Imagine another scenario, which I ran across earlier this year in an assessment: I compromise dozens of accounts using this horizontal dictionary attack on a heavily-used site that allows users to store their payment information. Against PCI regulation, the application outputs the full PAN with name, address, exp date, and security code on the "edit my payment information" page. Instead of being mister-good-guy-pen-tester I'm some kid who holds a nasty grudge against this company. Instead of using the payment information to buy a plasma and some air jordans, I dump the user creds and cardholder data on pastebin.com. I don't compromise the web server at all but the company is subject to PCI fines and is mentioned in the news causing some damage to the brand.
Enough with the fear mongering then. What are some simple things we can do to stop this type of thing? As always, I like to see controls at multiple levels, starting at the root cause, so that if one fails, another steps in to save the day. From secure coding (avoiding logic flaws), to CAPTCHAs, and then even WAFs let's break it down:
- Use CAPTCHAs: At the very least, use decent CAPTCHAs on registration and password/username recovery forms. This makes it pretty difficult to get that initial dictionary attack running in order to harvest usernames. I know there are business and useability reasons to avoid CAPTCHAs but use them on your login forms if you can get away with it. CAPTCHAs don't solve underlying vulnerabilities but they prevent automated attacks.

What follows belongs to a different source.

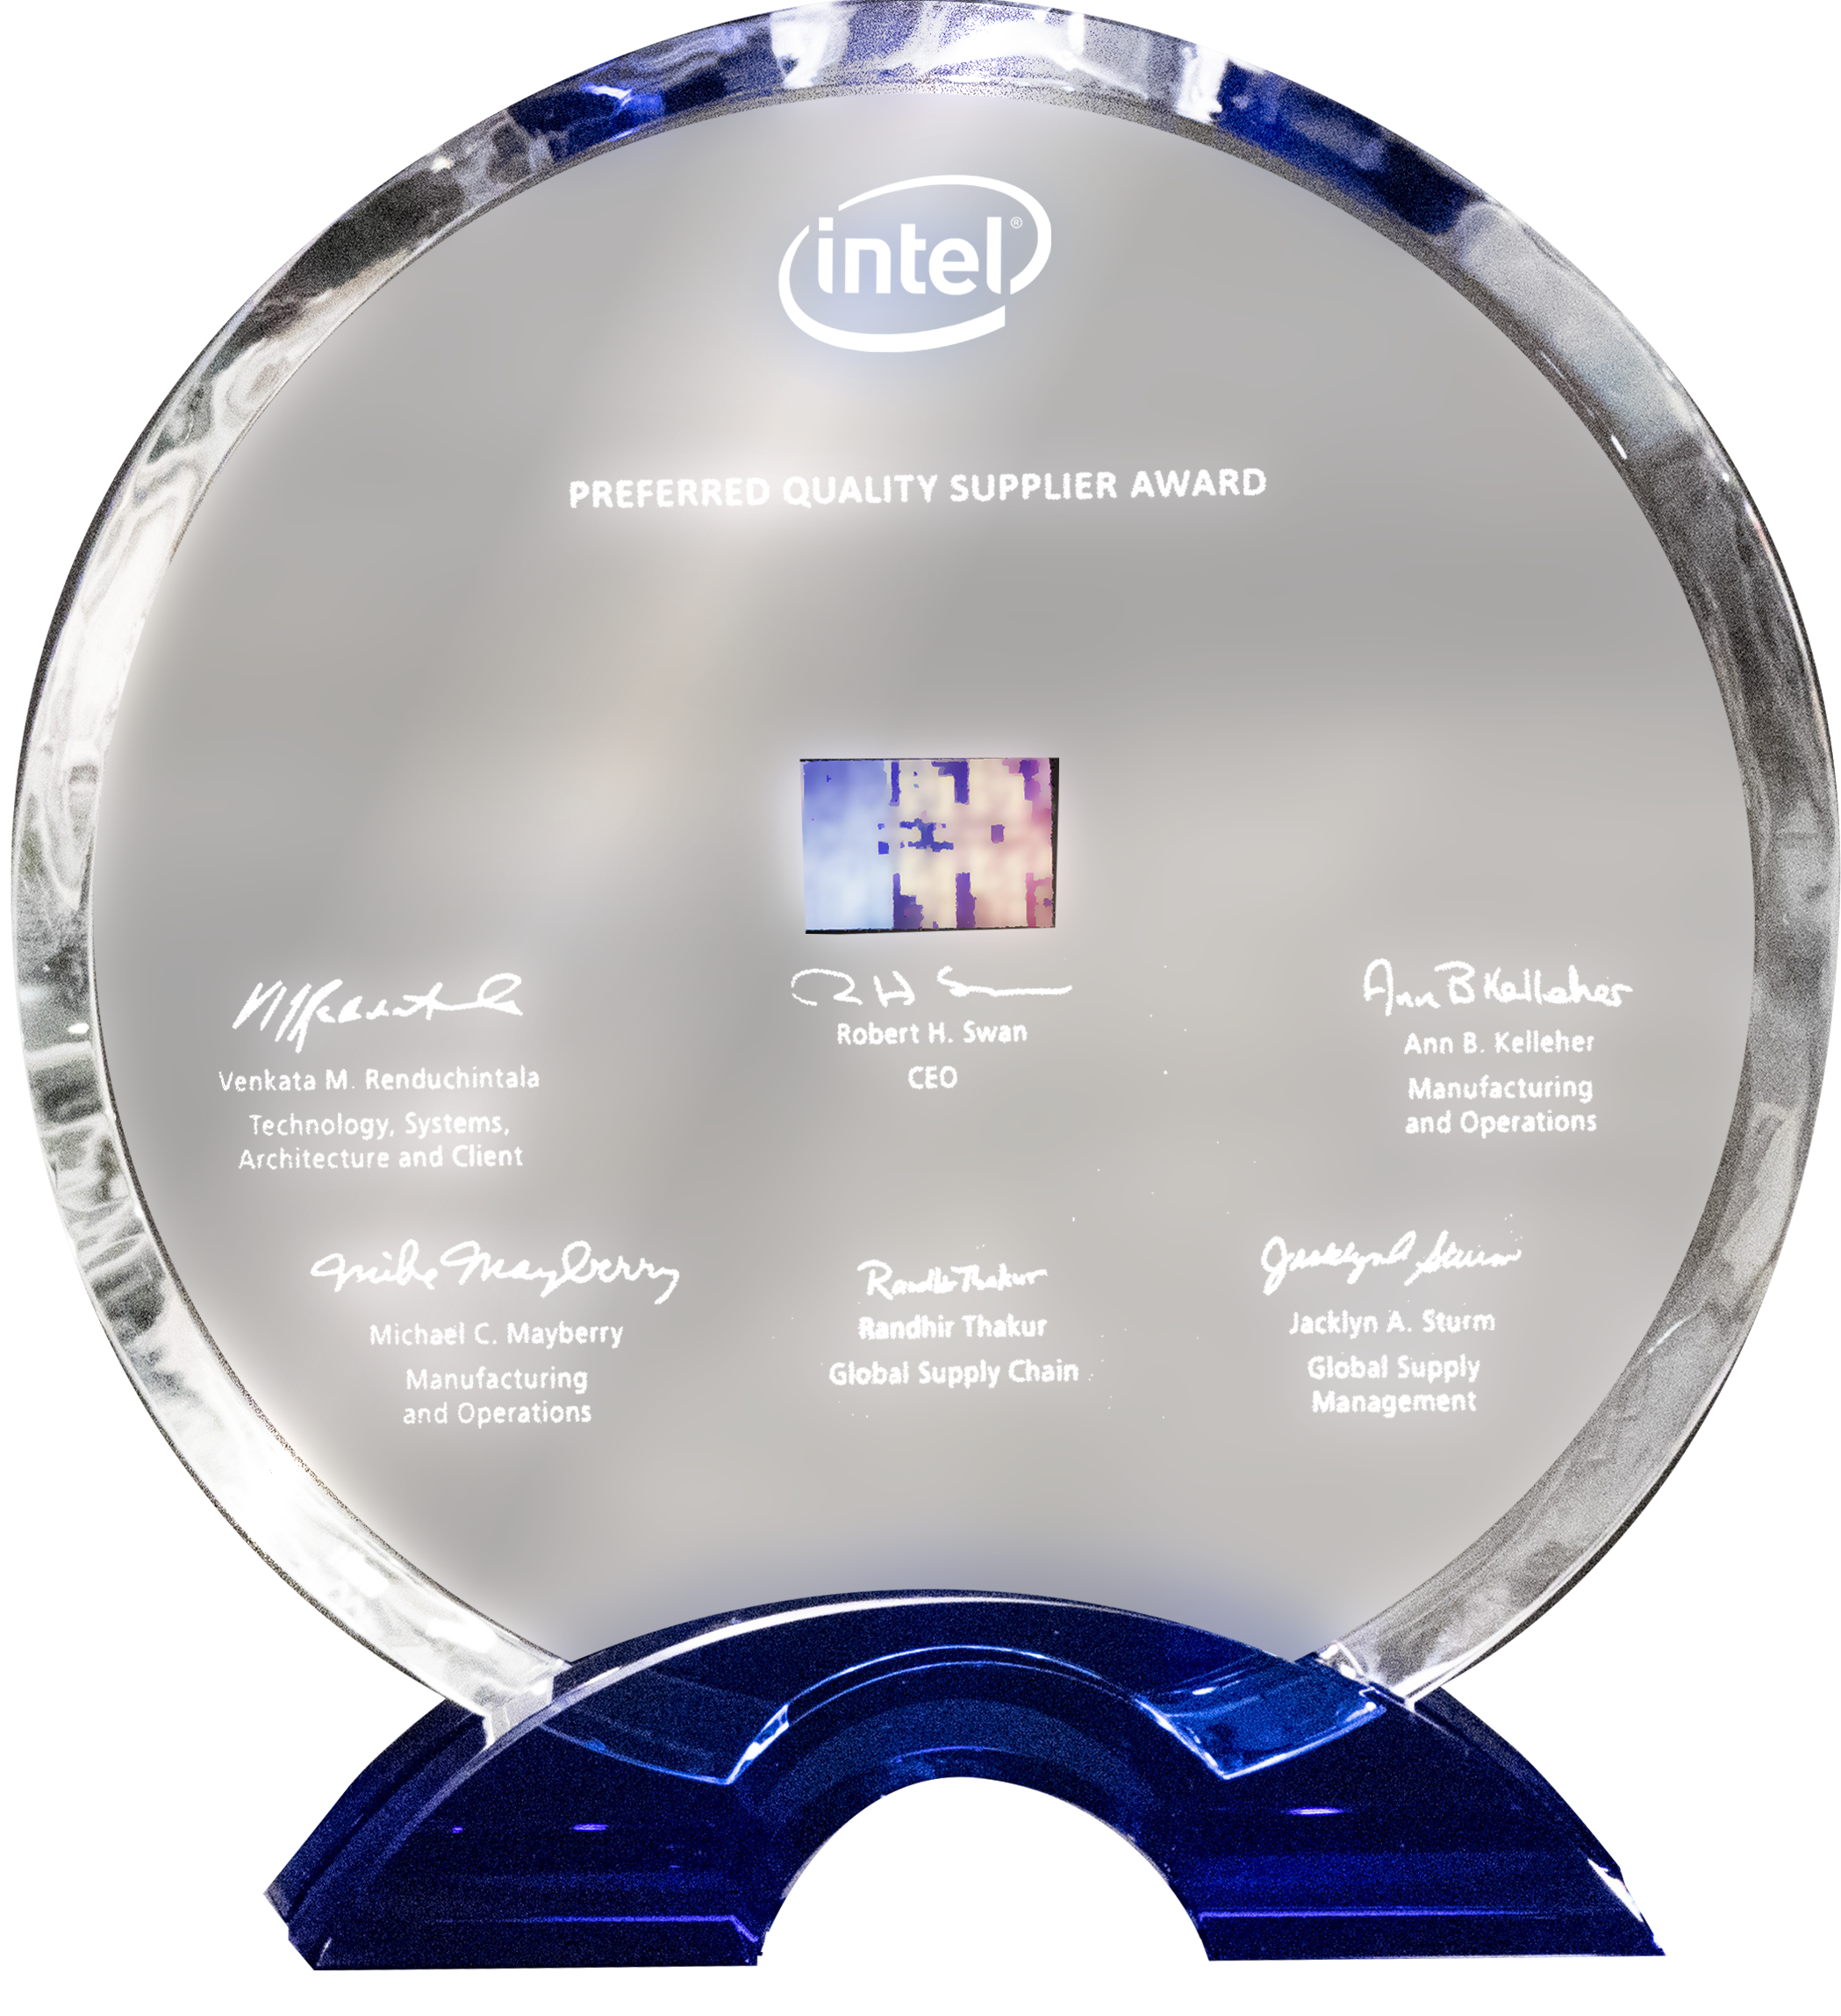 Intel 2018 Preferred Quality Supplier Award
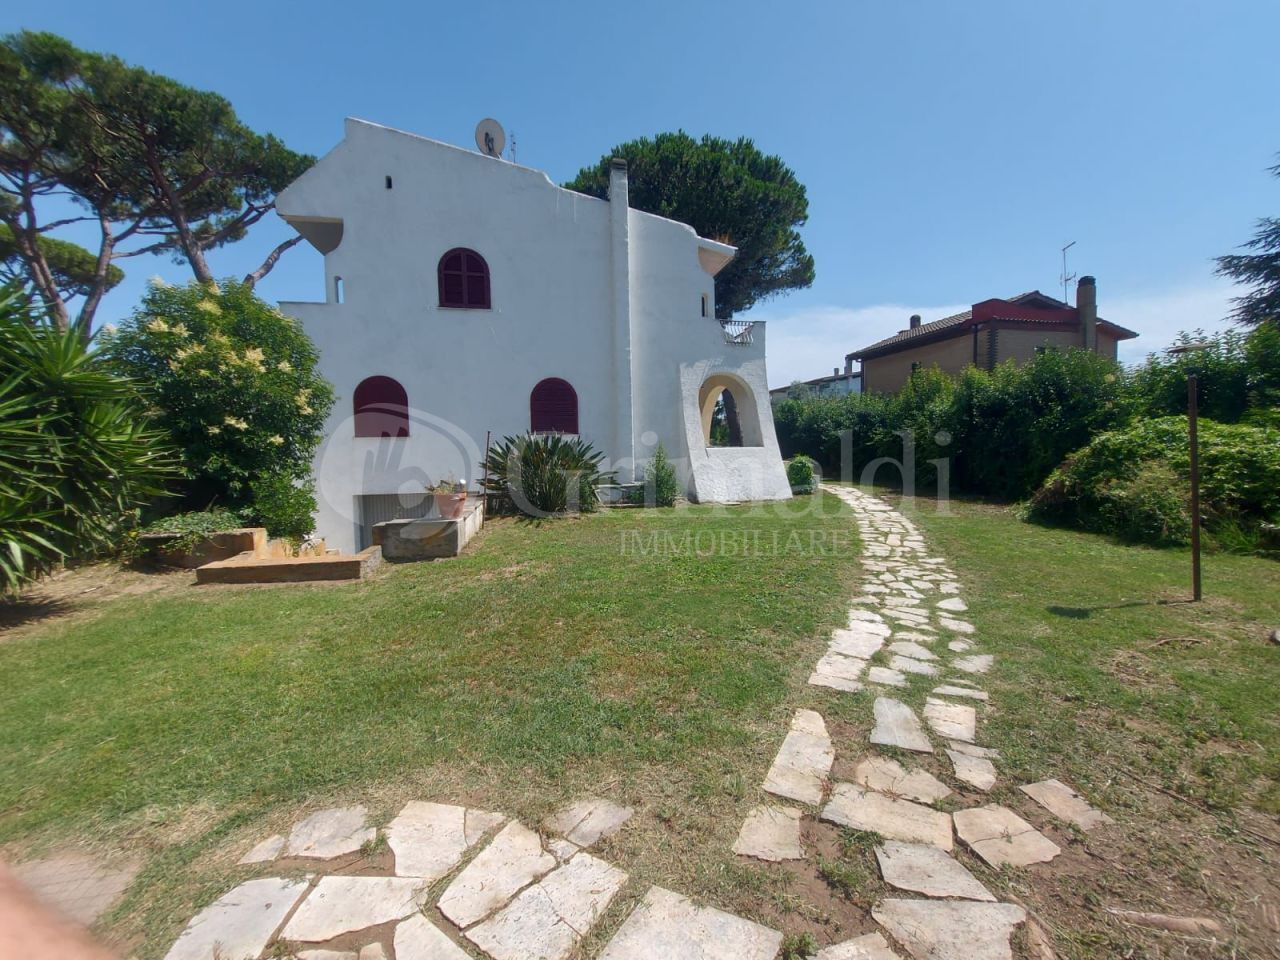 Villa in vendita a Ardea, 7 locali, prezzo € 365.000 | PortaleAgenzieImmobiliari.it

- Be Discerning: Require more than one piece of unique information to initiate password/username recovery. Ask for a username, email address, zip code, and last four digits of a phone number. I remember one utility payment application I assessed that simply asked for a username and zip code. I simply looked up all the zip codes that the utility company serviced, picked a few of the most populated ones, and harvested away.
- Don't Be Too Friendly: Avoid detailed errors about what the user did wrong if possible. On a login form, it definitely is not necessary to provide two different error messages based on whether the username or password were incorrect. For password/username recovery, be generic. "Something went wrong" will suffice most of the time.
- Enforce Password Requirements: Make sure users are required to enter secure passwords. Eight characters or more, with alphanumeric, mixed-case, and special characters required makes my job a lot harder than allowing "123456." You might even go ahead and blacklist really bad passwords. Most really bad passwords won't meet the requirements above but it's worth noting that "P@55w0rd" is not much better than "password."
- Use Two-Factor Auth: If you're serious about protecting your users, use two-factor authentication. It's not all about a physical token any more as there are plenty of other options. They each have their flaws but they do stop this type of attack.
- Lock Them Out: Enforce account lockout after 3-5 invalid login attempts.
- Throttle or Block Offenders: You shouldn't see 1000 or 100 or even 25 HTTP requests/second from the same session. Use your WAF, IPS, or even a web server module to limit concurrent connections if possible.